Alan Jamieson, a deep-sea researcher at the University of Western Australia, made the discovery of the squid in images collected by researchers studying the Philippine Sea.

Alan Jamieson, a deep-sea researcher at the University of Western Australia, made the discovery of the squid in images collected by researchers studying the Philippine Sea.

However, the wreck was discovered in April 2021: the squid was seen shortly after during another wreck dive.

The wreckage from the USS Johnston area is also the deepest on record, which the team mapped and filled in completely.

The World War II destroyer USS Johnston was destroyed 75 years ago in the Pacific during the largest naval battle in history, the Battle of Leyte Gulf.

The ship sank four miles to the bottom of the ocean, with the loss of 186 of her crew.

Big-finned squid

The Bigfin squid, or Magnapinna, is known for its long arms and tentacles and can be up to 22 feet long, but the one seen last month was a juvenile so it wasn’t fully grown, only three inches long. .

An image of an adult large-finned squid is shown in the image.

An image of an adult large-finned squid is shown in the image.

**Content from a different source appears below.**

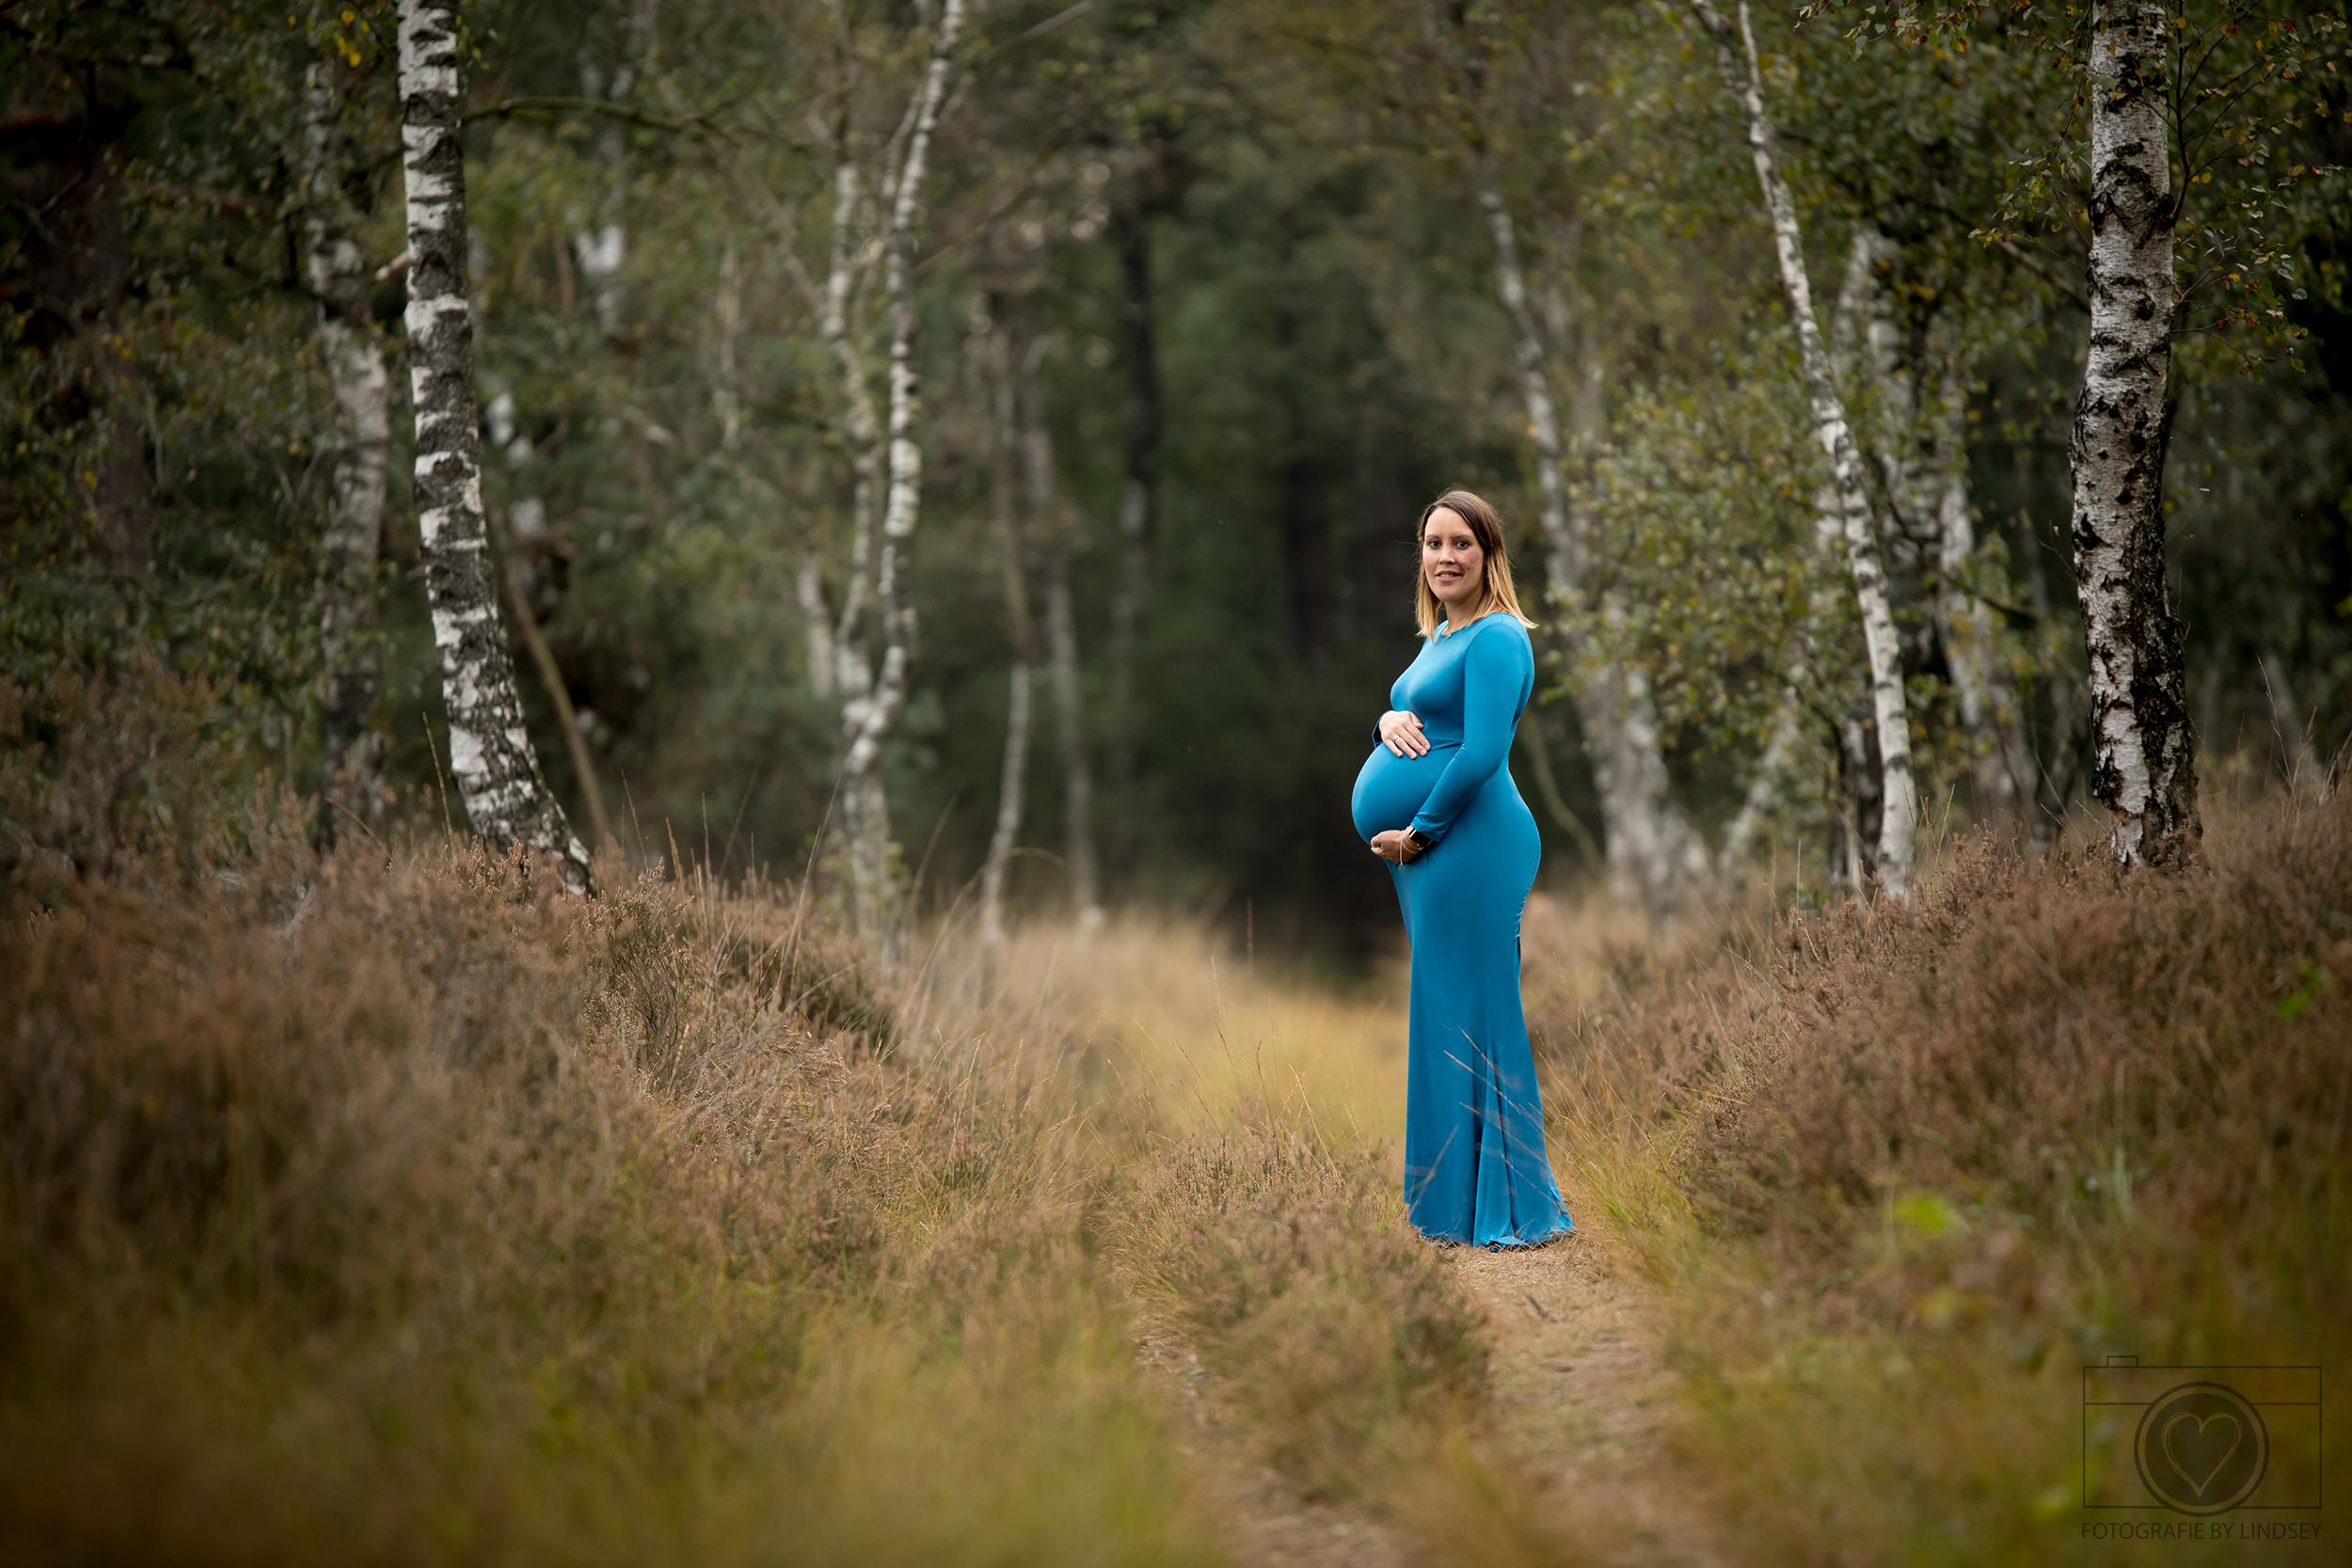 zwangerschapsfotografie by Lindsey

During a series of dives, the former US Navy officers were able to relocate the USS Johnston and then spent several hours surveying and mapping the remains of the 376-foot-long ship.

Victor Vescovo, the American private equity investor, retired naval officer and underwater explorer who led the expedition, spoke to the BBC about the challenges in locating the wreck; he also shared the images with Jamison, which led to the discovery of the big-fin squid. .

However, the wreck was discovered in April 2021: the squid was seen during another dive on the wreck.

However, the wreck was discovered in April 2021: the squid was seen during another dive on the wreck.

The ship is famous for its brave action in the Battle of Samar.  Outgunned by the Japanese, the USS Johnston led an attack by a handful of lightships against a colossal fleet until she was surrounded.

The ship is famous for its brave action in the Battle of Samar. Outgunned by the Japanese, the USS Johnston led an attack by a handful of lightships against a colossal fleet until she was surrounded.

“The wreck is so deep that there is very little oxygen down there, and although there is some contamination from marine life, it is remarkably well intact, except for the damage it took from the furious fighting,” he explained.

The ship is famous for its brave action in the Battle of Samar. Outgunned by the Japanese, the USS Johnston led an attack by a handful of lightships against a colossal fleet until she was surrounded.